If I assume it's just "fetch, decode, execute", then what's the 4th? If they're the "sub-stages" of the instruction (doing math, shuffling registers around, asserting the address bus) then why is it always a multiple of 4? Is there some limitation that memory accesses can only happen on every 4th cycle, or take a minimum 3 cycles? Are the docs that list every instruction as a multiple of 4 clock cycles just wrong?

_________________
Sent from my Game Boy.


Top
 Profile  
 
PostPosted: Tue Mar 29, 2016 11:15 am 
Offline

Joined: Thu Aug 12, 2010 3:43 am
Posts: 1589
No idea exactly how it works, although I do know that every time the Z80 fetches an opcode it spends an extra cycle for DRAM refresh (no idea if the GBZ80 keeps this behavior though).


Top
 Profile  
 
PostPosted: Tue Mar 29, 2016 11:25 am 
Offline

Joined: Sun Sep 19, 2004 11:12 pm
Posts: 18681
Location: NE Indiana, USA (NTSC)
My guess is that it's analogous to MC68000 memory cycle timing.
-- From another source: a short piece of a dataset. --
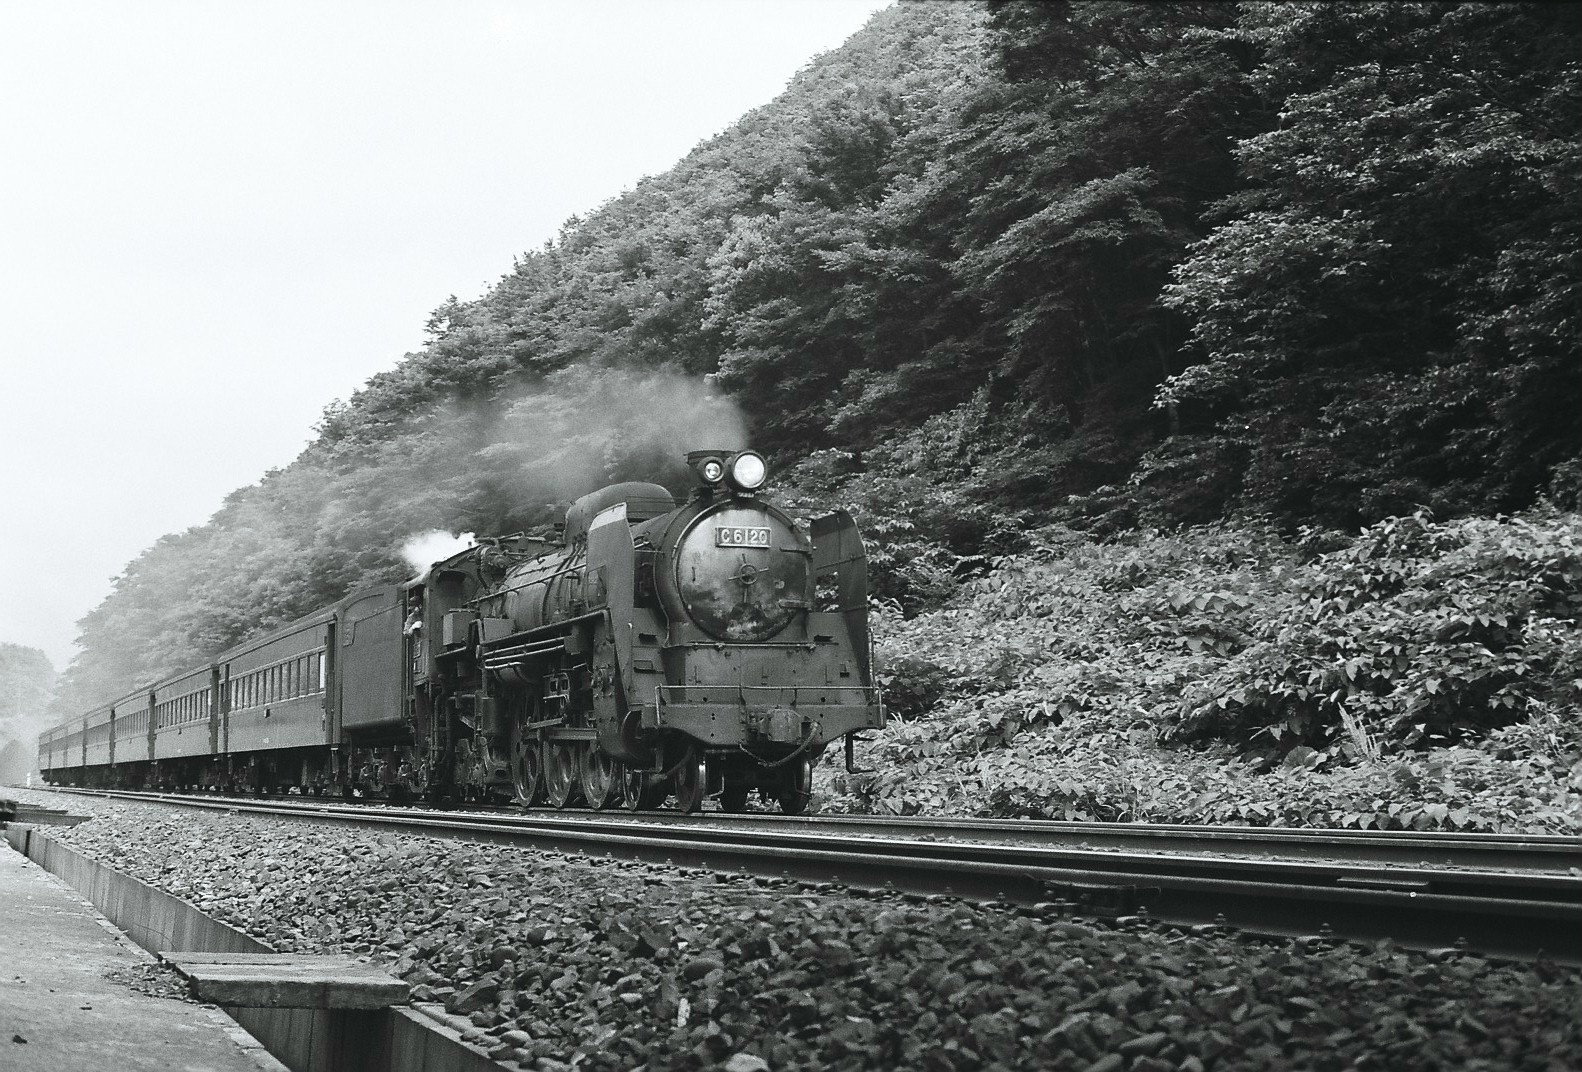 奥羽本線で客車列車をけん引するC61形20号機。1971年7月の撮影です。D51のボイラーを流用して1949年に落成した同機は、青森機関区や仙台機関区に配置され、東北地方の旅客列車に充当されていました。C61-20はその後、写真の撮影直後である9月に宮崎機関区へと転属し、2年後の1973年に廃車されます。1974年より群馬県伊勢崎市で保存された後、2011年に動態保存車として復活。以来、群馬県を中心としたJR東日本管内の各路線で、SL列車の先頭に立って大活躍しています。

That CPU takes eight half-cycles to access memory.


Top
 Profile  
 
PostPosted: Tue Mar 29, 2016 7:54 pm 
Offline
User avatar

Joined: Tue Mar 29, 2016 8:56 am
Posts: 9
Location: Kitchener, Ontario, Canadia
I'd be surprised if it used DRAM, since the need for constant refreshing would hurt battery life. Especially, Nintendo advises to use HALT to save battery power, but the Z80 manual says HALT just runs endless NOPs until interrupted, that would imply it's not really saving any power. So I would expect some changes there.

I made a spreadsheet with my information and assumptions. I don't know how close these are to the actual stages of each instruction, but they make sense to me and fit the cycle counts for each. The only exception is PUSH that requires an extra cycle I can't account for. If I assume that, like the original Z80, cycles after the first are only 3 stages, and that decrementing SP takes two steps, then the cycle counts for PUSH are correct, but I didn't look too much into how that affects the other instructions. Anyway that would definitely disprove the "every instruction takes a multiple of 4 clocks" idea.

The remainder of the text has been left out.